The destination is a NetDest which is a bitvector of MachineIDs. These are split into multiple sections. I know I’m running with two CPUs, so the first two 0’s are for the CPUs, and the other 1 must be fore the directory.

2285: PerfectSwitch-2: Message: [ResponseMsg: addr = [0x8c0, line 0x8c0] Type = InvAck Sender = L1Cache-1 Destination = [NetDest (16) 0 0  -  -  - 1  -  -  -  -  -  -  -  -  -  -  -  -  - ] DataBlk = [ 0x0 0x0 0x0 0x0 0x0 0x0 0x0 0x0 0x0 0x0 0x0 0x0 0x0 0x0 0x0 0x0 0x0 0x0 0x0 0x0 0x0 0x0 0x0 0x0 0x0 0x0 0x0 0x0 0x0 0x0 0x0 0x0 0x0 0x0 0x0 0x0 0x0 0x0 0x0 0x0 0xb1 0xb2 0xb3 0xb4 0xca 0xcb 0x0 0x0 0x0 0x0 0x0 0x0 0x0 0x0 0x0 0x0 0x0 0x0 0x0 0x0 0x0 0x0 0x0 0x0 ] MessageSize = Control Acks = 0 ]

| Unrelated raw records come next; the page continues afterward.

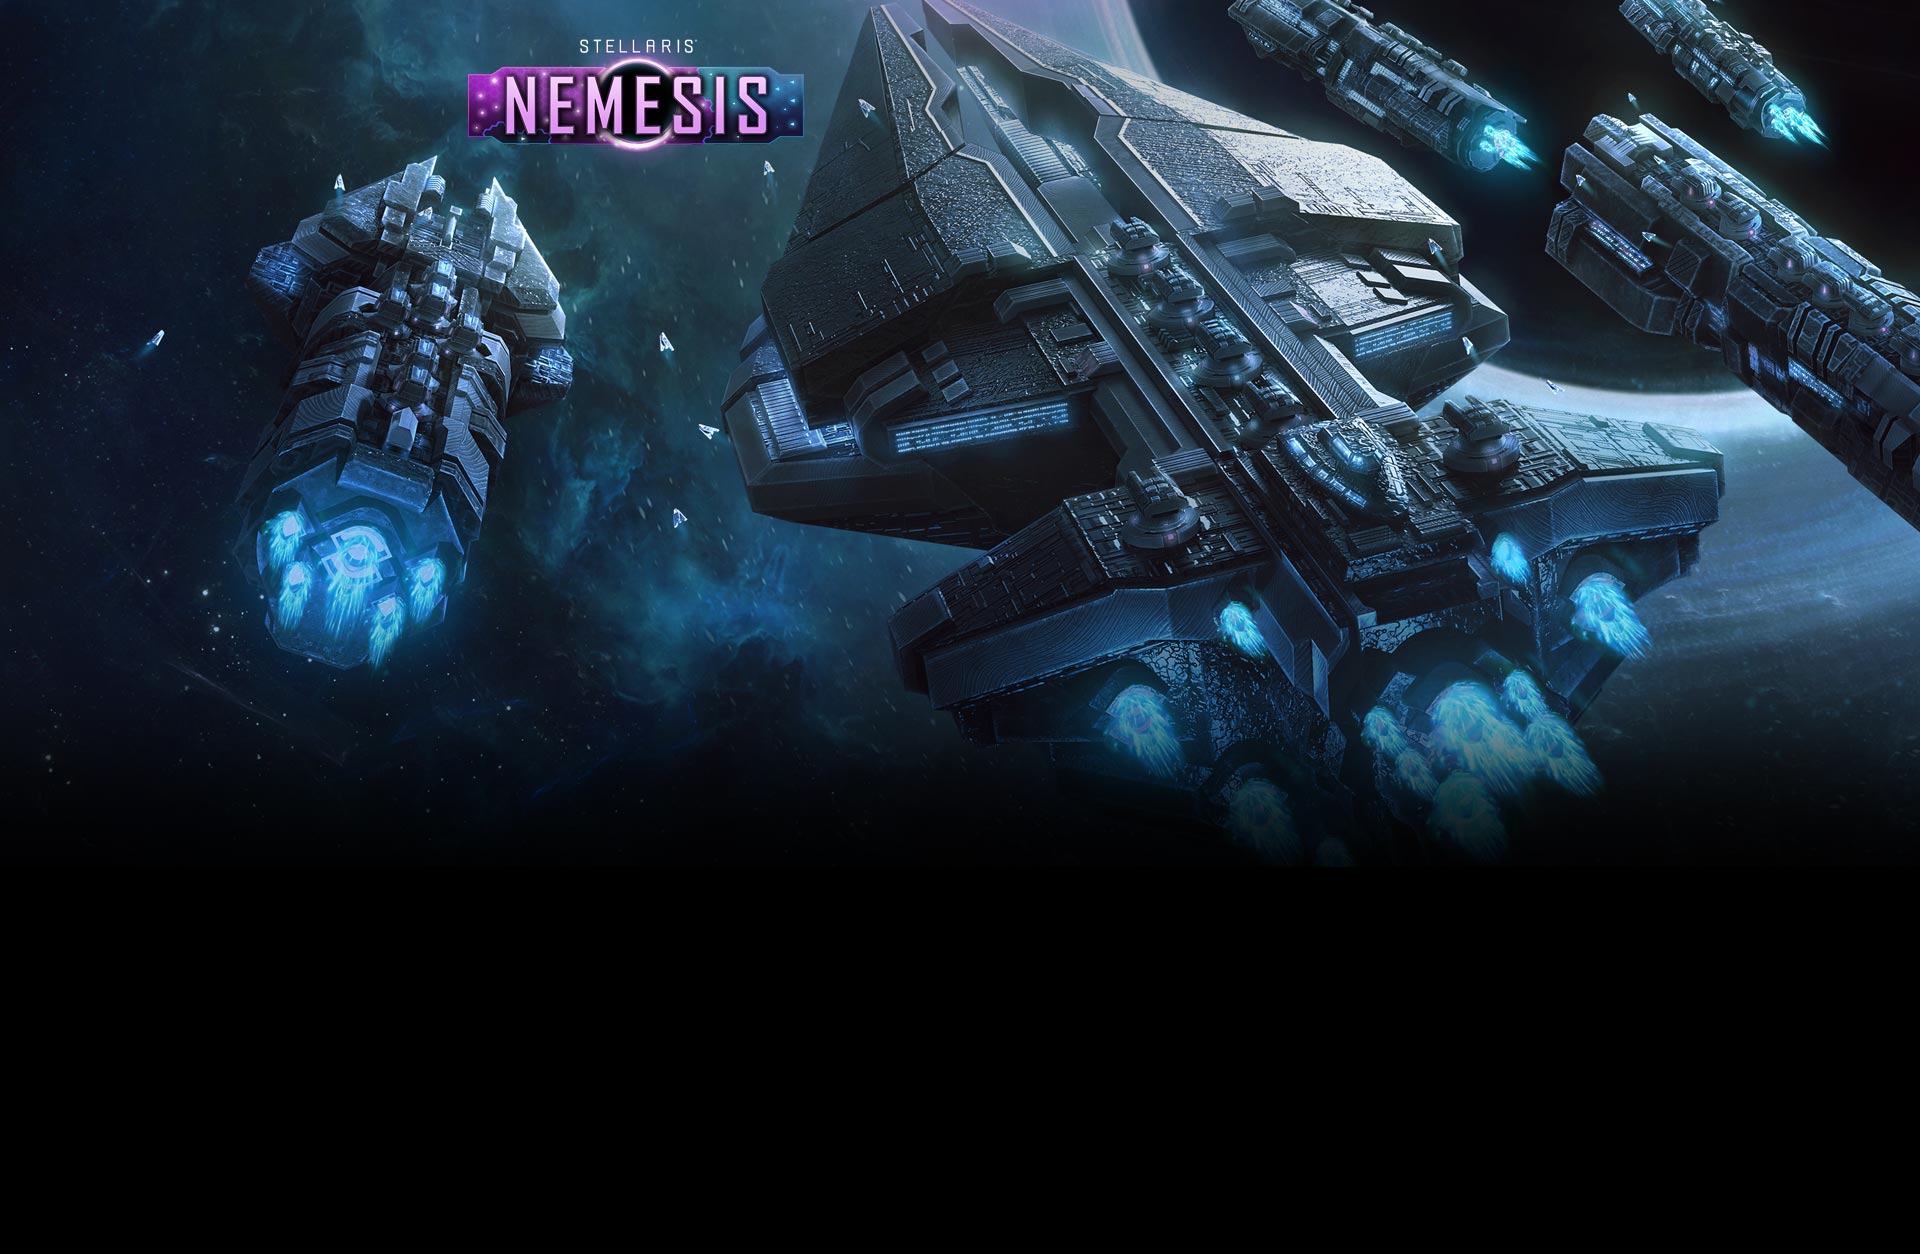 Stellaris: Nemesis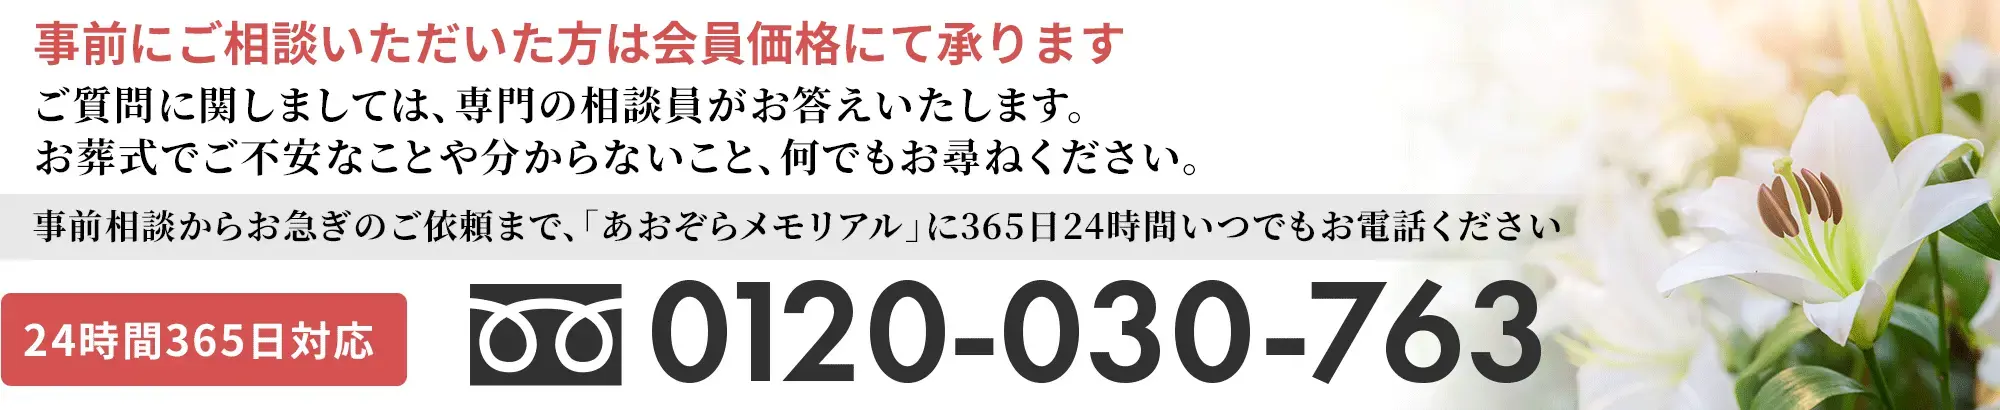 通夜、お葬式、葬儀の事前相談からお急ぎのご依頼は、札幌東区の家族葬「あおぞらメモリアル」まで365日24時間いつでもお電話ください。24時間365日対応 0120-030-763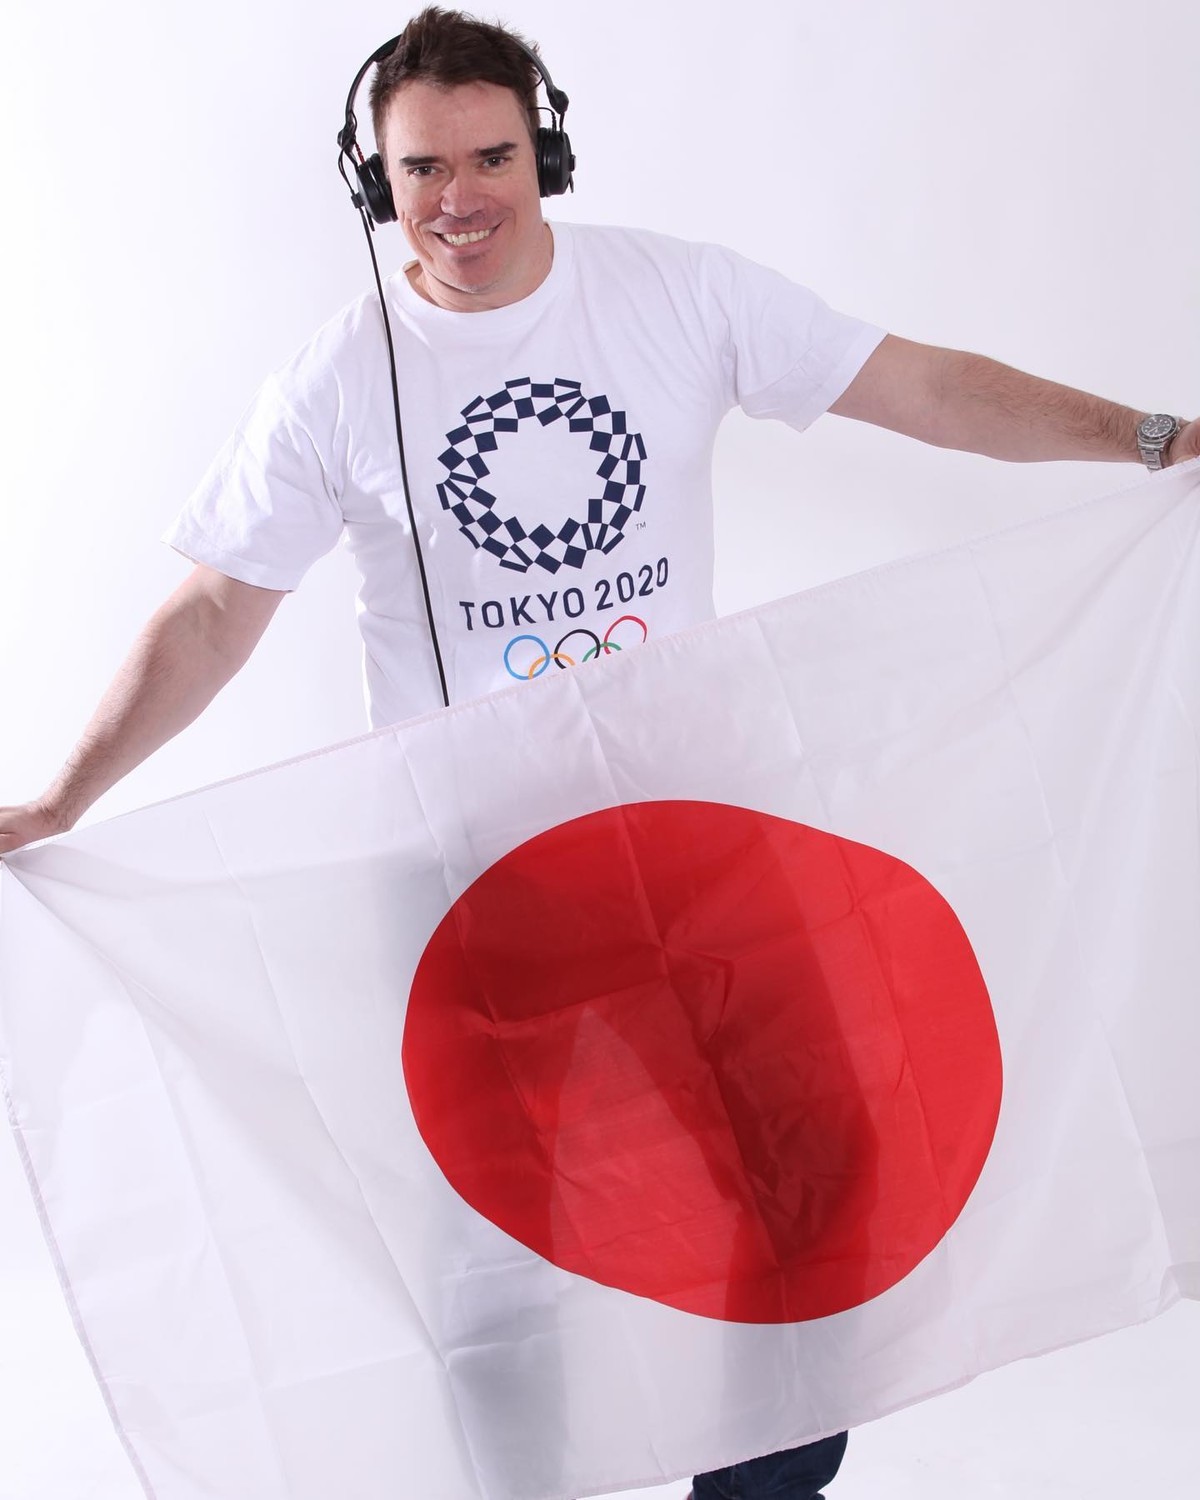 Batom de cereja' em Tóquio: conheça o DJ que toca hits brasileiros em jogos  de vôlei nas Olimpíadas, Pop & Arte

This message has the type InvAck, which is clearly wrong! It seems that we are setting the requestor wrong when we send the invalidate (Inv) message to the L1 caches from the directory.

Yes. This is the problem. We need to make the requestor the original requestor. This was already correct for the FwdGetS/M, but I missed the invalidate somehow. On to the next error!

panic: Invalid transition
system.caches.controllers0 time: 2287 addr: 0x8c0 event: LastInvAck state: SM_AD

This seems to be that I am not counting the acks correctly. It could also be that the directory is much slower than the other caches at responding since it has to get the data from memory.

If it’s the latter (which I should be sure to verify), what we could do is include an ack requirement for the directory, too. Then, when the directory sends the data (and the owner, too) decrement the needed acks and trigger the event based on the new ack count.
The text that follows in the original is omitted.